Jared Rosenberg
Jared Rosenberg, Kinesiology Department. was first author on a recently published article, "The effects of a 12-week lifestyle intervention on incretin response during an oral glucose tolerance test in Latino youth with obesity and impaired glucose tolerance," in the Journal of Diabetes and its Complications.
Caroline Kaltefleiter
Caroline Kaltefleiter, Communication and Media Studies Department, participated in discussions and analysis of Anton Corbijn’s 50th Anniversary exhibition at the Fotografiska Museum in Stockholm, Sweden, in August. Kaltefleiter discussed Corbijn’s photography and music videos as central to punk culture and subcultural analysis, highlighting images of musicians such as Nick Cave, Kurt Cobain, Bono, and Sinead O’Connor, published in Rolling Stone. In her work, she explores Corbijn’s music videos from bands such as Depeche Mode, U2 and Arcade Fire, featured in the exhibition, as pivotal to contemporary experimental film and video and punk aesthetics. While in Sweden, she met up with SUNY Cortland alumnus and Swedish journalist, Axel Norbro.
Ute Ritz-Deutch
Ute Ritz-Deutch, History Department, had her chapter “German Scientists in South America: Correspondences between Robert Lehmann-Nitsche, Hermann von Ihering, and Max Uhle” published in the anthology After the Imperialist Imagination: Two Decades of Research on Global Germany and its Legacies (2020).
Karen Downey
Karen Downey, Chemistry Department, and seniors Laura Patrick and Matthew Ellis shared their research progress in two posters presented at the spring national meeting of the American Chemical Society held in March in San Diego, Calif.
Mark Dodds
Mark Dodds, Sport Management Department, recently co-authored an article, “Inherent Risk or Risky Decision? Coach’s Failure to Use Safety Device an Assumed Risk,” published in the April 2013 issue of The Journal of Physical Education, Recreation and Dance.
Robert Spitzer
Robert Spitzer, Political Science Department, is the author of two recent op-eds. His article, “Why the Supreme Court Will Almost Surely Strike Down New York’s Gun Law,” was published by the New York Daily News on January 24. His article, “Why ‘Vice’ Deserves an Oscar,” appeared in the Los Angeles Times on February 7.
Andrea Dávalos
Andrea Dávalos, Biological Sciences Department, is a co-author of the Oct. 25 cover story in Science, titled “Global Distribution of Earthworm Diversity.”

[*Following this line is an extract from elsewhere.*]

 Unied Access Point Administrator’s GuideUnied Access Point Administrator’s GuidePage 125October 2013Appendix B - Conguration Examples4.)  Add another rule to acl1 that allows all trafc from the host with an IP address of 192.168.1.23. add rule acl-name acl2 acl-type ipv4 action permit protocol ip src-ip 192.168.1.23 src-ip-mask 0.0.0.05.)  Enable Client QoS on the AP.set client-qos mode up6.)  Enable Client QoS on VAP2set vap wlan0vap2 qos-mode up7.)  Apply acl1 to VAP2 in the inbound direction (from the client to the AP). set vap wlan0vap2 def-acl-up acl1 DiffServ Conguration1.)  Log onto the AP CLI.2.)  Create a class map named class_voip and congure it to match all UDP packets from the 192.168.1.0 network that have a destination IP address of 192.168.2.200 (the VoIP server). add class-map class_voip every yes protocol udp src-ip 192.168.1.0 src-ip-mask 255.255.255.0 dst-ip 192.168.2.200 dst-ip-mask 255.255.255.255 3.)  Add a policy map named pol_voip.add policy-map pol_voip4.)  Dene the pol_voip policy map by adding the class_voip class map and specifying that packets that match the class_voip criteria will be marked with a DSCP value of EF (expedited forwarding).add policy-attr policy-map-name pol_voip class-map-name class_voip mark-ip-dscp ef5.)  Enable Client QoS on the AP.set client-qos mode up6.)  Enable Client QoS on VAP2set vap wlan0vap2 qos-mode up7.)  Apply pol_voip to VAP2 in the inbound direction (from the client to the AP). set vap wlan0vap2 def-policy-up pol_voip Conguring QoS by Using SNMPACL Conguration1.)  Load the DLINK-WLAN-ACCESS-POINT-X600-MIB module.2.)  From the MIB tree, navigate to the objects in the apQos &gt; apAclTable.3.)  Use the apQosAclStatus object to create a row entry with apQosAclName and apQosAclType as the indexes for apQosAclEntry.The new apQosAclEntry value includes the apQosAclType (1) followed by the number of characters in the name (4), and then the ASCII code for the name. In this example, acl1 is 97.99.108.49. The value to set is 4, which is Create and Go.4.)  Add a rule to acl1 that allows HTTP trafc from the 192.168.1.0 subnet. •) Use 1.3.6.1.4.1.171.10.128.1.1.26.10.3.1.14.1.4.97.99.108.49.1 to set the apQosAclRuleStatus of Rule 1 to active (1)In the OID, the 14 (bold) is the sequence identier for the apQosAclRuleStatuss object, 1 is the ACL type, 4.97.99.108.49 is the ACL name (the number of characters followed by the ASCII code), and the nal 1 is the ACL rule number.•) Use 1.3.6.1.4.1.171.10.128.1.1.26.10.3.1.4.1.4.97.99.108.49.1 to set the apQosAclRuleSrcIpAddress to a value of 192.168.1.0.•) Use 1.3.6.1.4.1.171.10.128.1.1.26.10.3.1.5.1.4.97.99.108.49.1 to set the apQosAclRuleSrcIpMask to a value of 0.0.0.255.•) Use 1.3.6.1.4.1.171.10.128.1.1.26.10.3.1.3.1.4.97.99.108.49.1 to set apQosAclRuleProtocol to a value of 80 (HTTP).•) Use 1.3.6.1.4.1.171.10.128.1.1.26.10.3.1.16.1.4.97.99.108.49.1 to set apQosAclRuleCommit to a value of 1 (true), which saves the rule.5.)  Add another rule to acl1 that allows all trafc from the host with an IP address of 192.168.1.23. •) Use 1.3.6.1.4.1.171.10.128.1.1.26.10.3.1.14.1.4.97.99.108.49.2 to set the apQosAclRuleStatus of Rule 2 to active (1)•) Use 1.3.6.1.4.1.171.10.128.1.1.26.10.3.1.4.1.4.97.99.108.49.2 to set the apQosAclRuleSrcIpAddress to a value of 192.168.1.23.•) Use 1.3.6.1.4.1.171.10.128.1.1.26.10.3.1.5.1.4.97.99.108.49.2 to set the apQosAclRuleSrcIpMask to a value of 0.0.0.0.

Yomee Lee and Jim Hokanson
Yomee Lee and Jim Hokanson, Kinesiology Department, recently had their research titled “Hearing Their Voices: Asian American College Students’ Perspectives on Sport and Physical Education” accepted for publication. The manuscript is currently in press and will soon be published in the Asia-Pacific Journal of Heath, Sport & Physical Education.
Jeremy Jiménez
Jeremy Jiménez, Foundations and Social Advocacy Department, had his article about helping students create their own digital history texts published in The History Teacher. “Recasting the History Textbook as the Collaborative Creation of Student-Authored Interactive Texts” was co-authored with Laura Moorhead, San Francisco State University. A second article, “Education for global citizenship and sustainable development in social science textbooks,” was published in September in the European Journal of Education, Research, Development and Policy. It was co-authored with Julia Lerch of University of California, Irvine, and Patricia Bromley from Stanford University.
Frank Rossi and Terrence Fitzgerald
Frank Rossi, Chemistry Department, and Terrence Fitzgerald, Biological Sciences Department, are the principal authors of an article titled “Response of the neonate larvae of Cactoblastis cactorum to synthetic cactoblastins, a newly identified class of pheromonally-active chemicals found in the caterpillar’s mandibular glands” appearing in the journal Chemoecology. Four recent Cortland students are coauthors of the paper: Daniel Rojas ’19, a current a PhD candidate in the Department of Chemistry and Biochemistry University of Delaware, Danielle A. Cervasio ’17, currently a PhD candidate at Stony Brook University majoring in neuroscience, John Posillico ’16, now a middle school science teacher in New York City, and Kyle Parella ’17, currently a PhD candidate in biochemistry at SUNY ESF. The paper is the fifth to be published by the principal investigators that explores the possibility of using the insect’s own pheromones as an eco-rational alternative to biocides in managing populations of the invasive caterpillar. The research was support by grants from the USDA-APHIS.